El enfrentamiento continuó en el hospital Santojanni, donde miembro del grupo de "Los Perales", al cuál pertenecía el joven asesinado se dirigió a ese establecimiento sanitario para intentar atacar a otro violento que fue herido durante el choque entre los dos grupos y que pertenece a Las Antenas.
Fuentes policiales informaron a Télam que en dicho hospital se encontraba un barra que ingresó con una herida de arma blanca en el estómago.
Los investigadores le colocaron custodia policial porque los allegados al fallecido lo sindican como el homicida, pero no está detenido por el asesinato, ya que el herido denunció que fue atacado en un intento de robo cometido en General Paz y Corrales.
Personal de seguridad privada y un efectivo de la Policía Metropolitana intervinieron para tratar de frenar a los violentos, quienes increparon a médicos, enfermeros y otros auxiliares, según denunciaron ante la prensa los profesionales de ese hospital.
La situación se desbordó y tuvo que intervenir personal de la Guardia de Infantería de la Policía Federal porque resultó insostenible para la fuerza porteña dependiente del Gobierno de la Ciudad.
Durante el ataque de los barras del equipo de Mataderos en el hospital Santojanni, había solamente un efectivo de la Metropolitana y los médicos denunciaron que hechos parecidos a estos "ocurren todos los días y con un guardia de seguridad y un policía de Metropolitana no se puede hacer nada".
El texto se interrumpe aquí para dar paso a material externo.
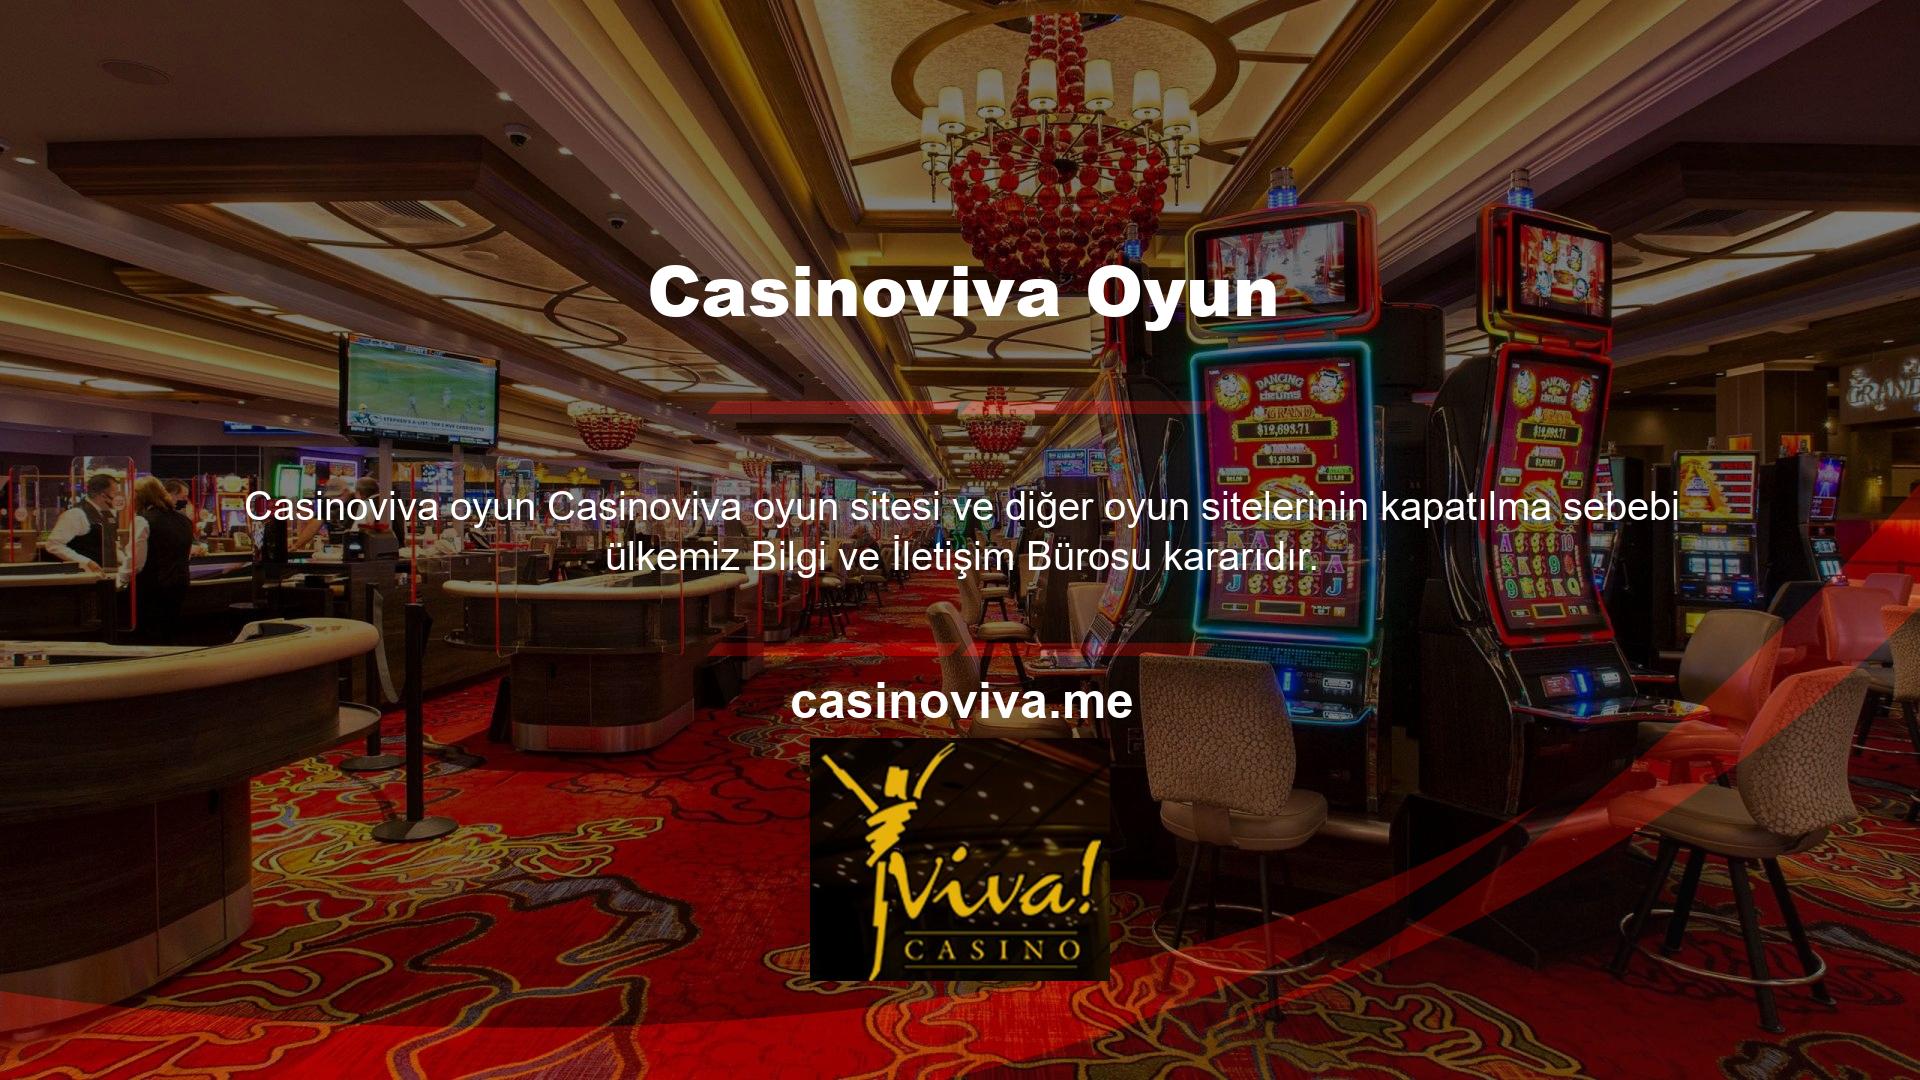 Casinoviva oyun sitesi ve diğer oyun sitelerinin kapatılma sebebi ülkemiz bilgi ve iletişim daire başkanlığı kararıdır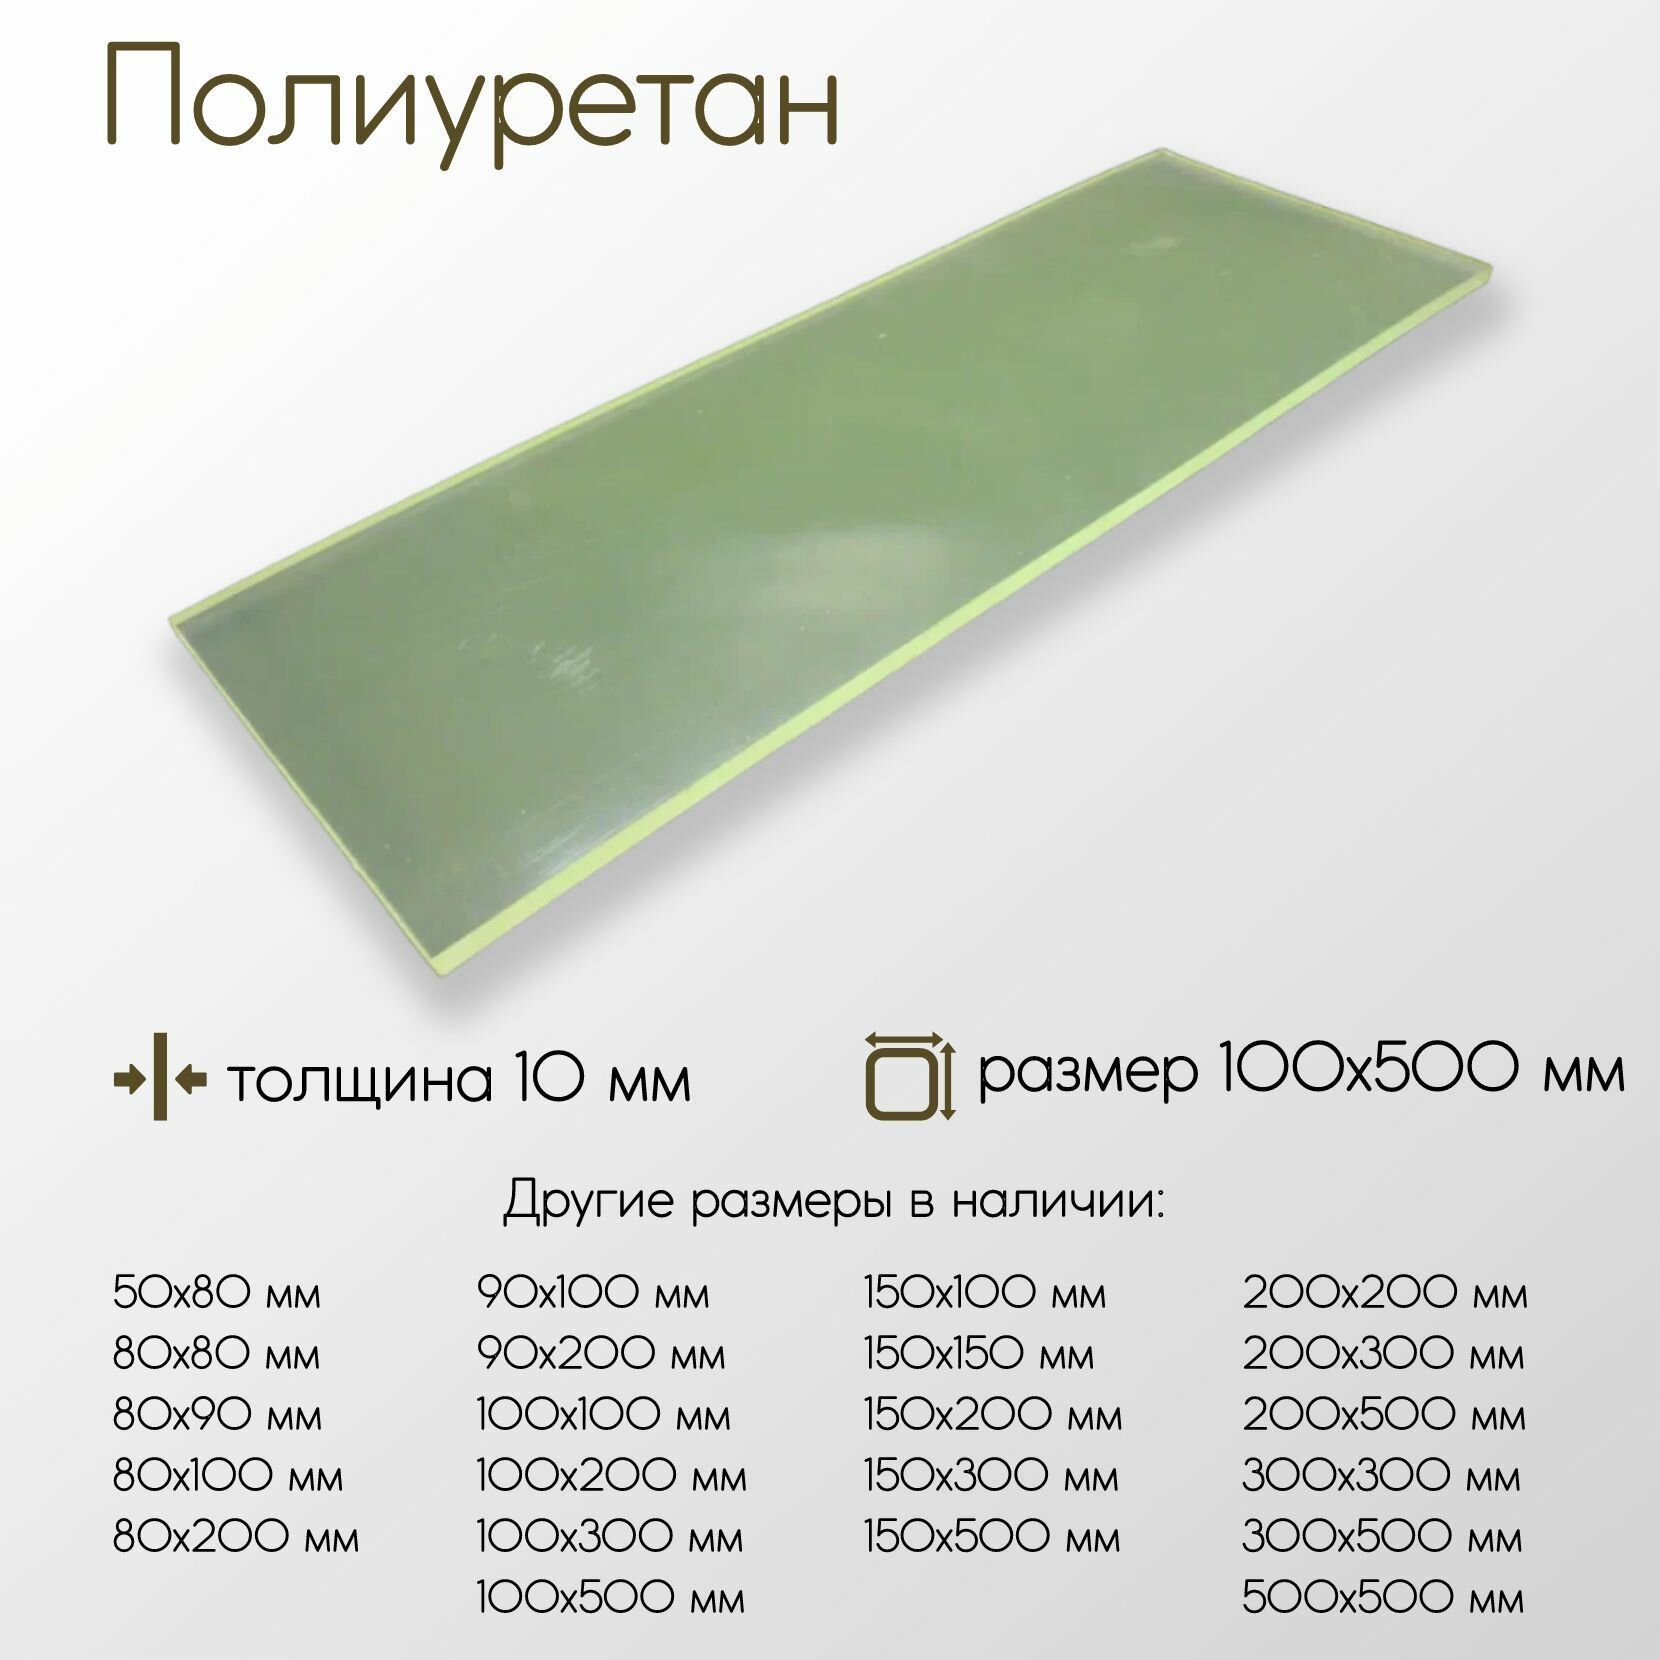 Полиуретан лист ПУ толщина 10 мм 10х100x500 мм

Durante el conflicto, se arrojaron todo tipo de cosas, incluidas sillas. Versiones indican que hasta hubo disparos. Como resultado, varios vidrios del lugar terminaron rotos y la Guardia del hospital debió suspender su asistencia.
De esta manera, los barras de Nueva Chicago pusieron nuevamente en jaque la seguridad en hospitales porteños y los profesionales que trabajan en los mismos exteriorizaron su temor.